Temperature dependent Raman modes of reduced graphene oxide: Effect of anharmonicity, crystallite size and defects

A consolidated effect of anharmonicity, crystallite size and defects has been studied using temperature dependent Raman spectroscopy of reduced graphene oxide (rGO). The micro-Raman spectra obtained over a wide temperature range of 173-723 K (below and above room temperature) indicate linear shifts in the peak position of G- and D- modes, with negative temperature coefficients of -0.009 and -0.010 cm(-1) K-1, respectively. The average crystallite size and defect density were calculated and their correlation with the temperature coefficient of G-peak position and line width were discussed. Further, contributions from true-anharmonic and quasi-harmonic parts in shifting the G- and D- peak positions were estimated using theoretical models, which indicate the dominance of true-anharmonic part.

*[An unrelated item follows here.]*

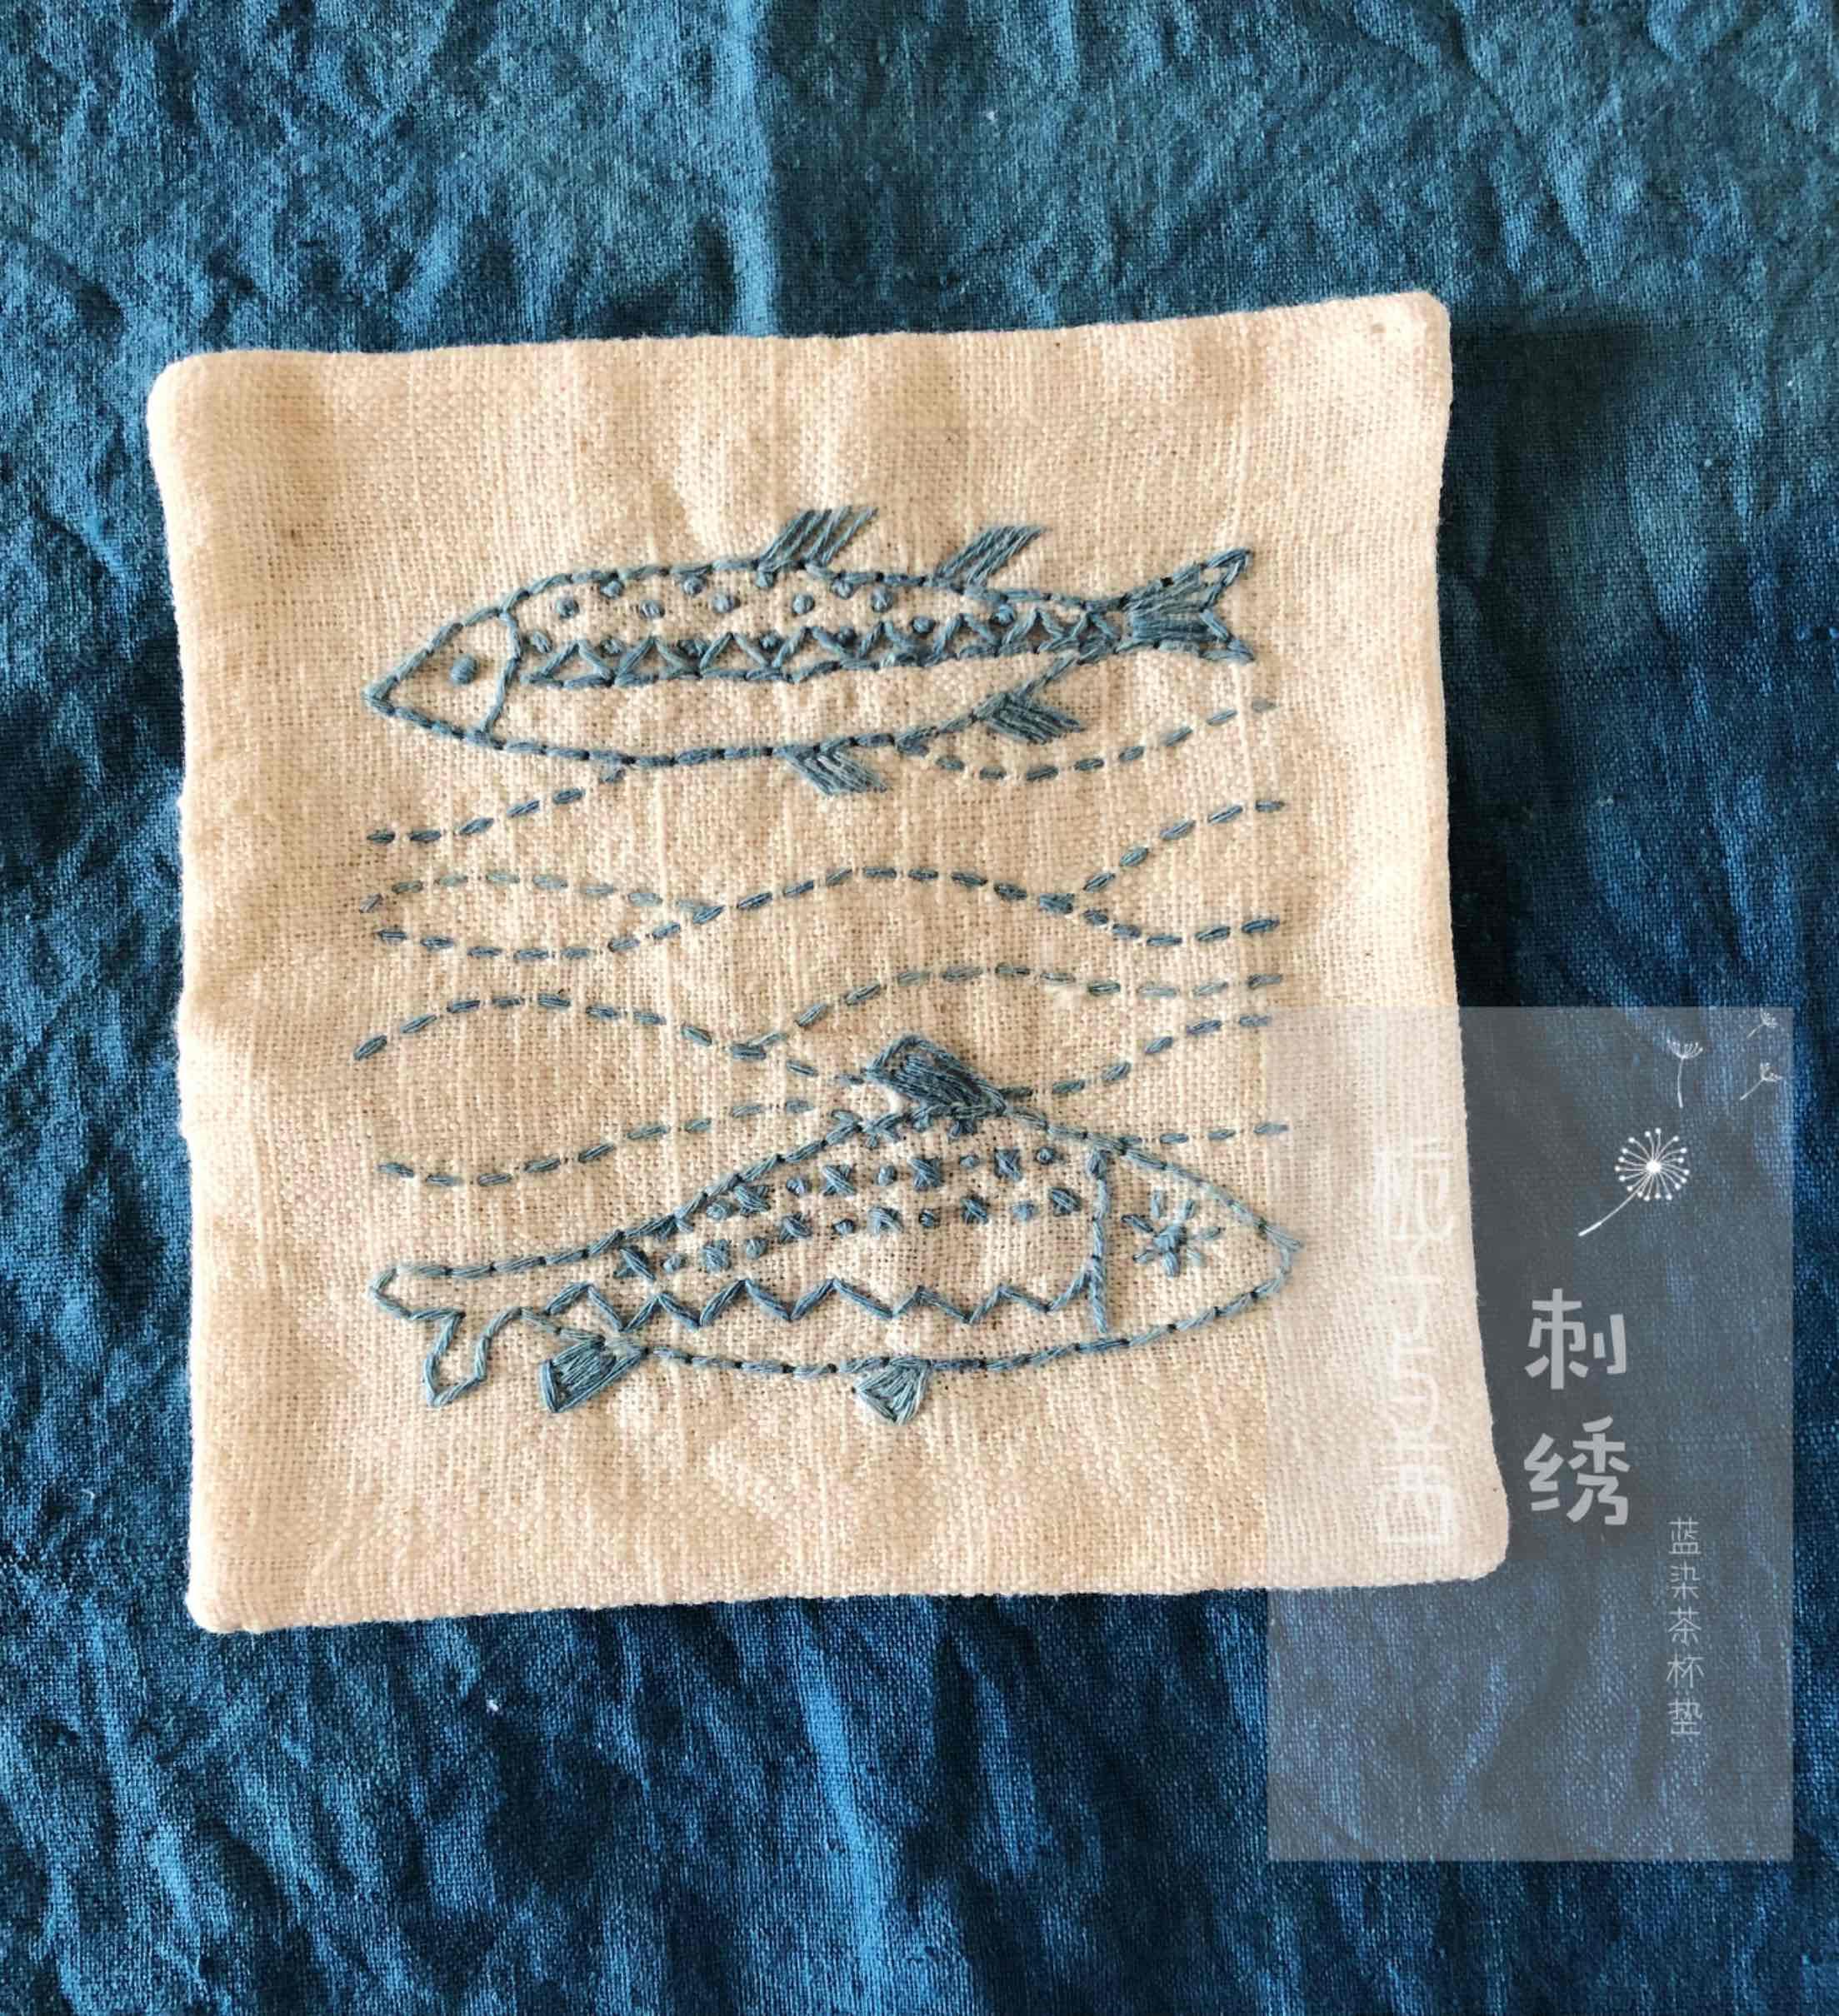 丝带绣入门教程_土布蓝染线刺子绣小鱼系列杯垫 - 刺绣钩编欣赏 布流行手工网
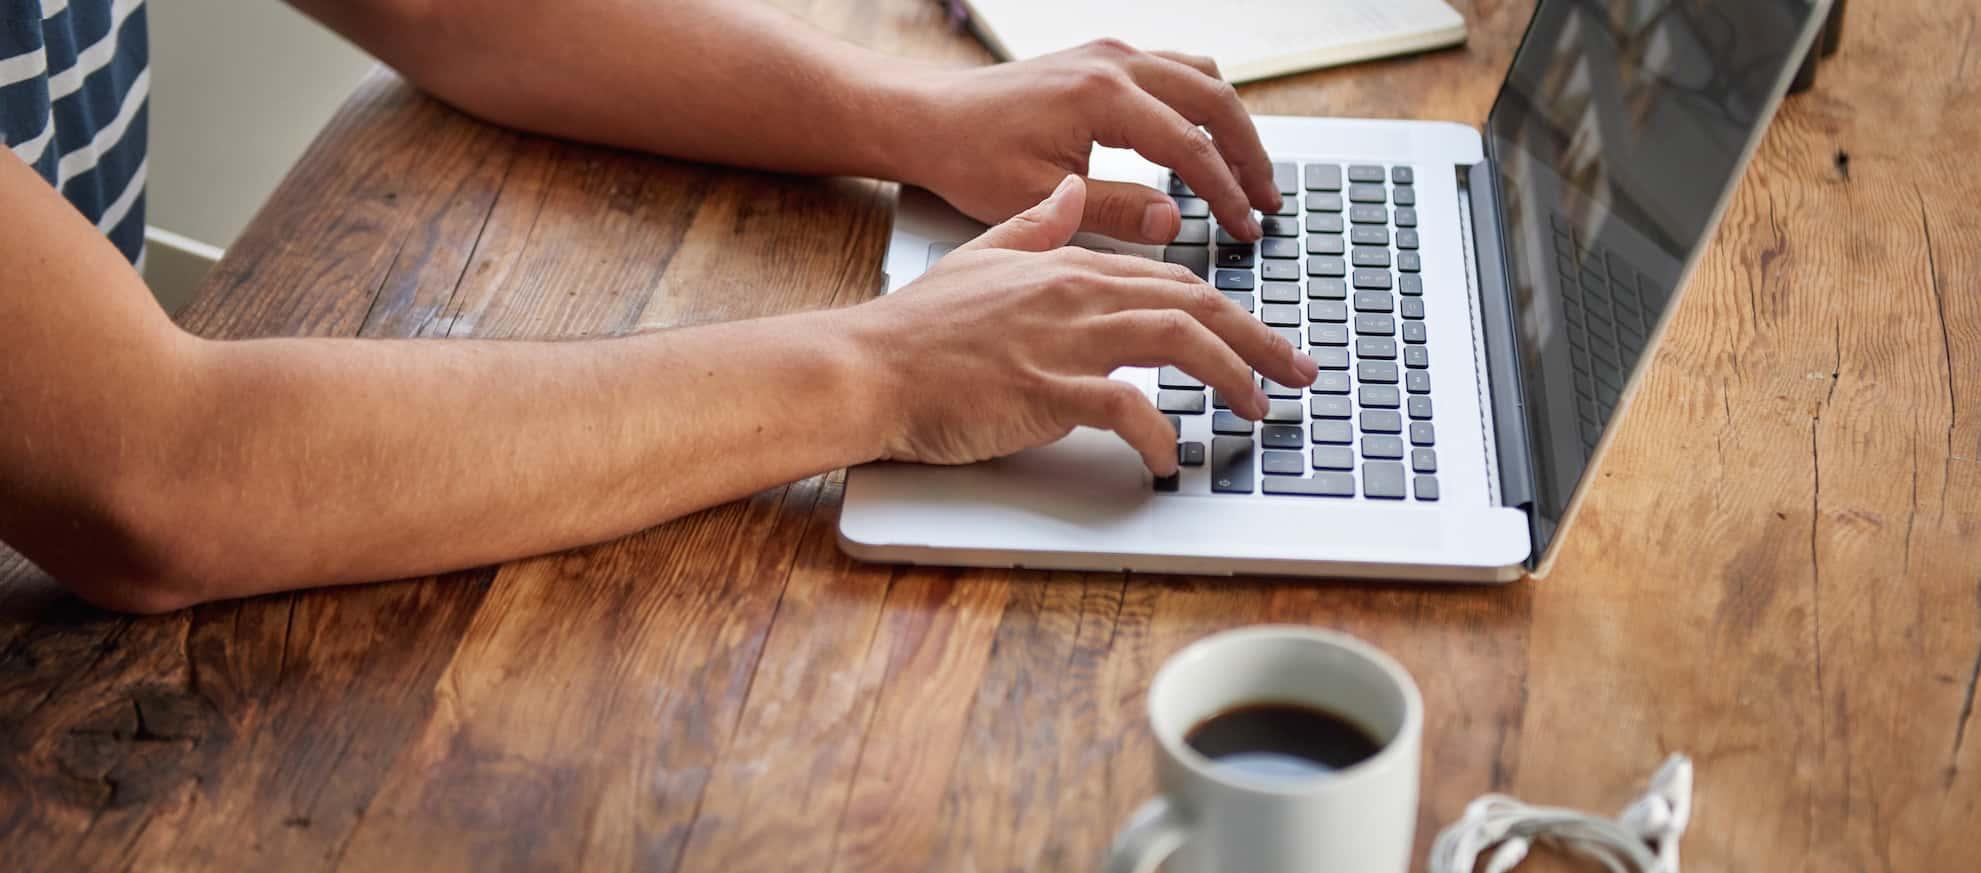 Biznes online w rutynie? 5 powodów, dla których to nie działa 3

Role of electron-phonon, anharmonicity and defect contributions to the temperature dependent variation of line width of G-peak have been discussed. (C) 2021 Elsevier Ltd. All rights reserved.

Automated summary

The temperature dependent Raman spectroscopy of reduced graphene oxide (rGO) reveals the combined effect of anharmonicity, crystallite size, and defects on the peak positions and line widths of G- and D- modes. The dominance of true-anharmonic part in shifting the peak positions is indicated by theoretical models. The contributions of electron-phonon coupling, anharmonicity, and defects to the temperature dependent variation of line width are discussed.